05.01.2017

Minestrone

Minestrone - Wort des Tages - EVS
Minestrone – Wort des Tages – EVS

Ein typisches Herbstproblem der Ersten Welt – kaum hat man seinen perfekten Sommer-Look gefunden, gibt es zwei Wochen lang Pulloverwetter, und schon ist der Herbst da, alles geht wieder von vorne los und man hat wieder nichts zum Anziehen! Beim Essen ist es zum Glück anders, denn mit den kühlen Tagen kommt auch das ‚Essen für die Seele‘ zurück auf den Tisch und Aussprüche wie „O Mann, diese Suppen, Eintöpfe, Aufläufe und Schmorgerichte, ich habe sie so satt!” hört man eigentlich eher selten. Und das Beste an der Küche der kalten Jahreszeit ist, dass man praktisch alles in einen Topf werfen kann, was man gerade da hat, und in weniger als einer Stunde hat man eine köstliche Mahlzeit!

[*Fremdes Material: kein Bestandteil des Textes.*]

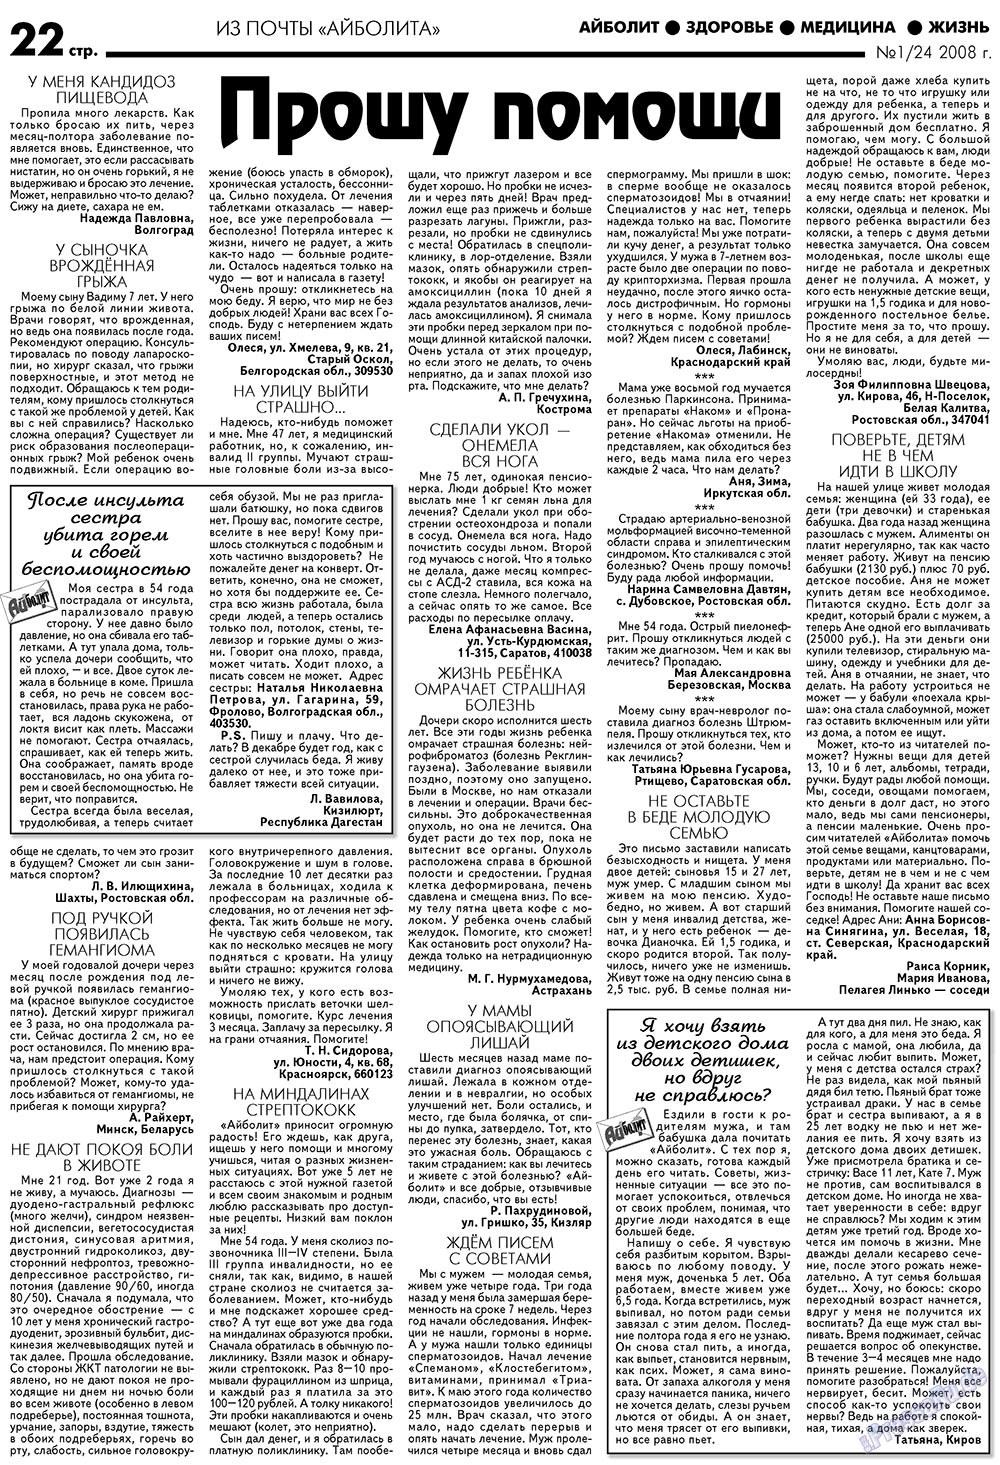 АйБолит (газета). 2008 год, номер 1, стр. 22

Das klingt eigentlich ganz nach Minestrone, der traditionellen Suppe aus Italien, voll mit lauter nahrhaften Zutaten wie Gemüse, Pasta oder Reis und einer guten Brühe.

Dicke Gemüsesuppen werden weit und breit gerühmt, auch weil sie so gesund sind, und die Minestrone gab es schon vor dem Römischen Reich und hat es schließlich überdauert, als einfaches und sparsames Gericht (auf der Basis von Getreide, Gemüse und Hülsenfrüchten).

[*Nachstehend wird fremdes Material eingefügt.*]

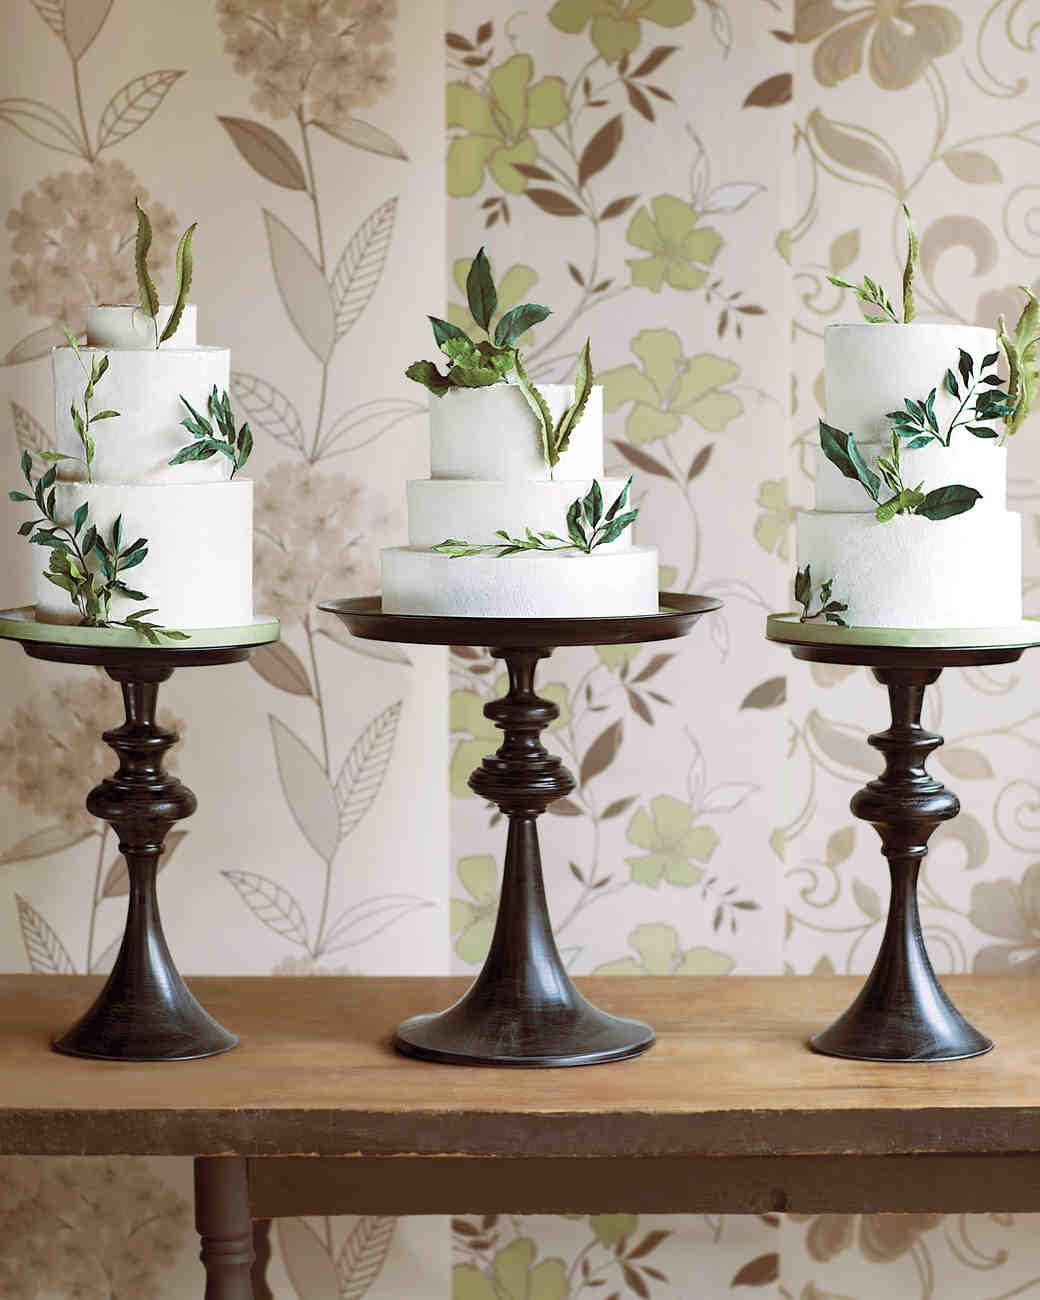 matthew-jack-cakes-0202-mwd109591.jpg

Die Rezepte und Varianten dieser Suppe sind nahezu unerschöpflich, aber die Etymologie des Namens beschränkt sich auf nur eine Quelle, nämlich das lateinische Verb ministrare – ‘servieren, darreichen’ – was so viel bedeutete wie ‚Handeln mit Befugnis eines Anderen‘, seit dem 14. Jahrhundert aber auch für das Servieren von Speisen galt. Und schon haben wir das italienische Wort für die reichhaltige, dicke Gemüsesuppe – minestra, worin zum Ausdruck kommt, dass sie vom Haushaltsvorstand aus einem großen Topf serviert wurde, sowie die wörtliche Bedeutung von minestrone: ‘das, was serviert wird.’

Die italienische Sprache kennt noch ein anderes bekanntes Wort für Suppe, zuppa, eigentlich eine Brühe mit Brotscheiben, und vom gotischen suppa, ‘eingeweichtes Brot’, stammend.

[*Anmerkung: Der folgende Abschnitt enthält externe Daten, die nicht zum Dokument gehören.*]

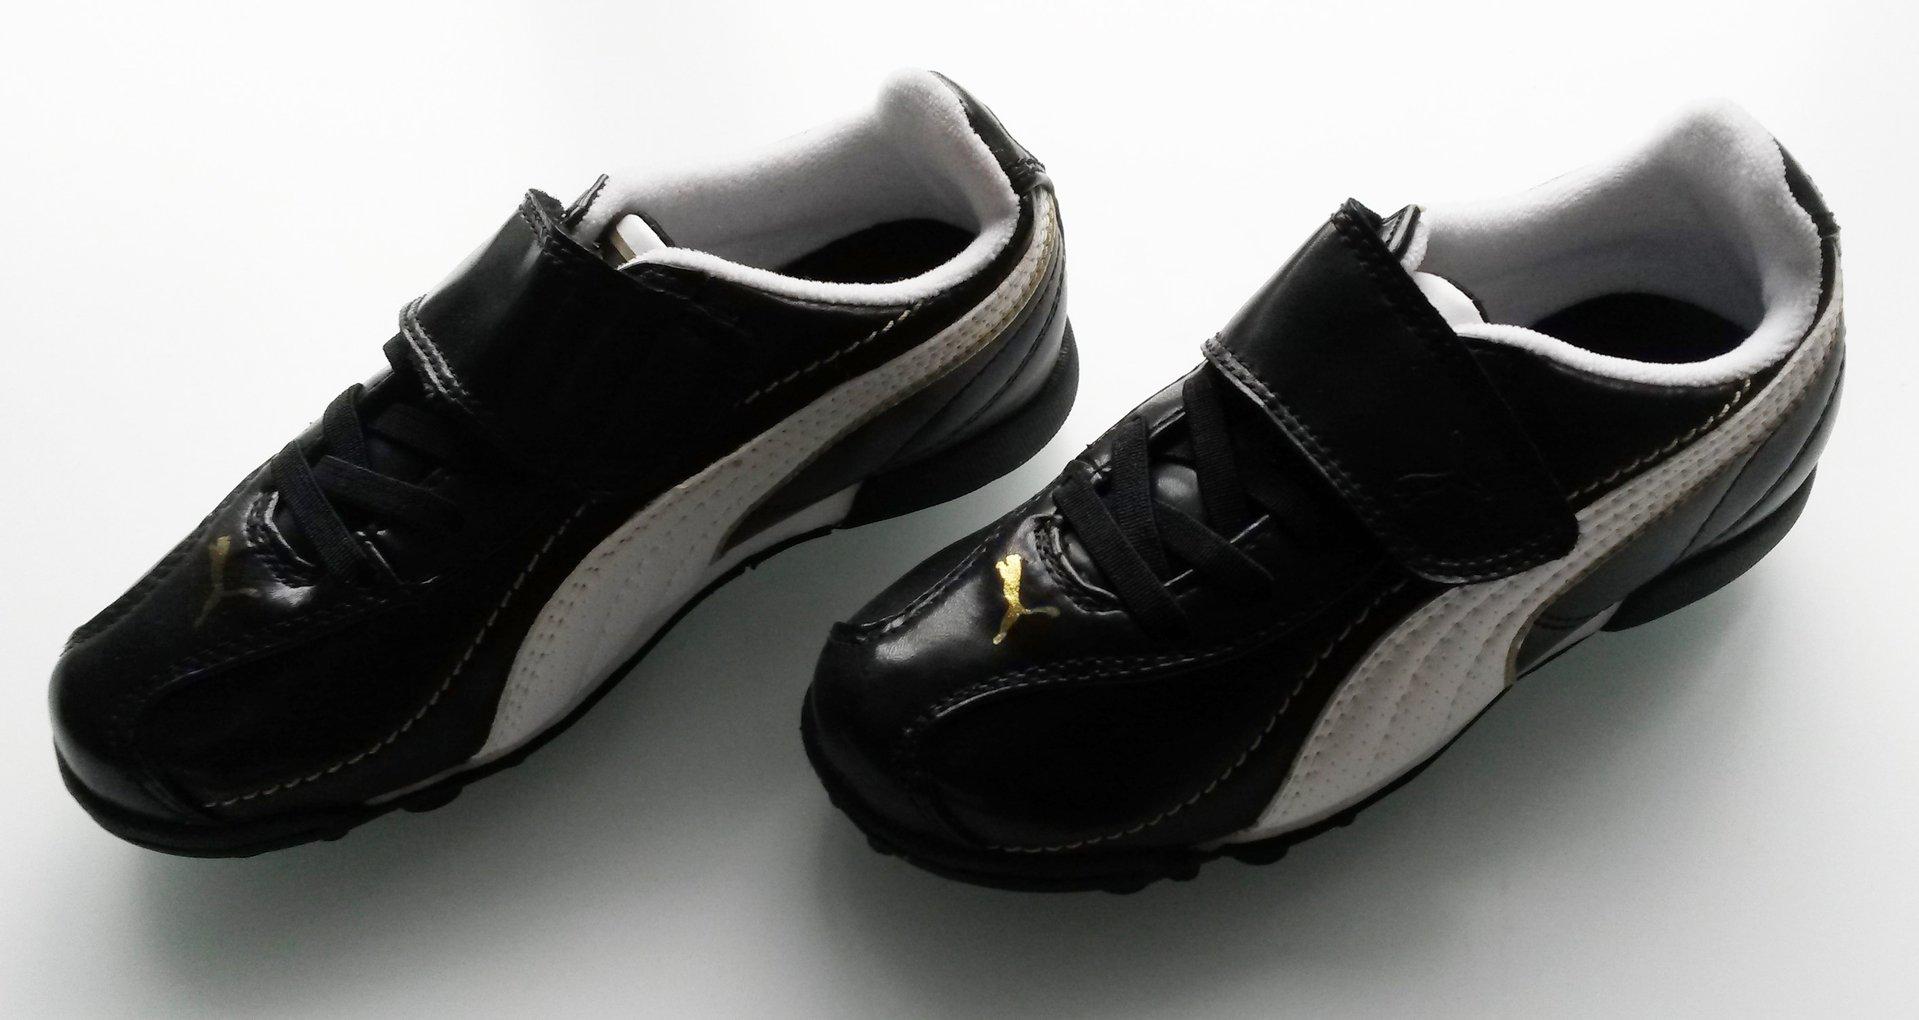 97cc97d1467498 (411) Puma Esito XL TT V JR astro football boots KIDS Size 10 BNIB

Unsere Minestrone ist eine ganz traditionelle Minestra – Gemüse, Hülsenfrüchte und Nudeln oder Reis, gekocht in Brühe. Sie gehört in Italien zur cucina povera – zur ‘armen Küche’ – und wurde hauptsächlich aus Resten und ohne festes Rezept hergestellt. Im Prinzip kommt alles Gemüse, das man gerade da hat, frisch oder auch die gekochten Reste von gestern, Getreide und Hülsenfrüchte in einen Topf und wird mit Brühe angegossen. Das ist ganz einfach, spart Zeit und Geld und ist maximal sättigend.

Auch in englischen Druckschriften wird die berühmte italienische Suppe erstmals als preiswertes Armengericht erwähnt. 1871 hieß es in der Januarausgabe der sich mit Literatur und Religion befassenden Monatszeitschrift The Ladies Repository and Gathering of the West: „Ein Bauer ernährt sich von einer Schüssel Minestrone, und sie kostet ihn nur einen Penny.”

20 Jahre später hatte die Suppe nebst Rezept ihren Platz in einem Kochbuch gefunden, nämlich in Practical Household Cookery: „Die Minestrone ist ein echt italienisches Nationalgericht. Sie besteht aus einer Mischung aus Gemüse und Reis.”

Hungrig geworden? Dann schauen Sie doch mal im Kühlschrank und in der Küche nach, wo Sie all diese Dosen und Packungen für den Katastrophenfall gestapelt haben, und wenn sich gerade keine Katastrophe anbahnt, dann nehmen Sie diese und kochen Sie sich Ihre eigene Variante der herzhaften Suppe!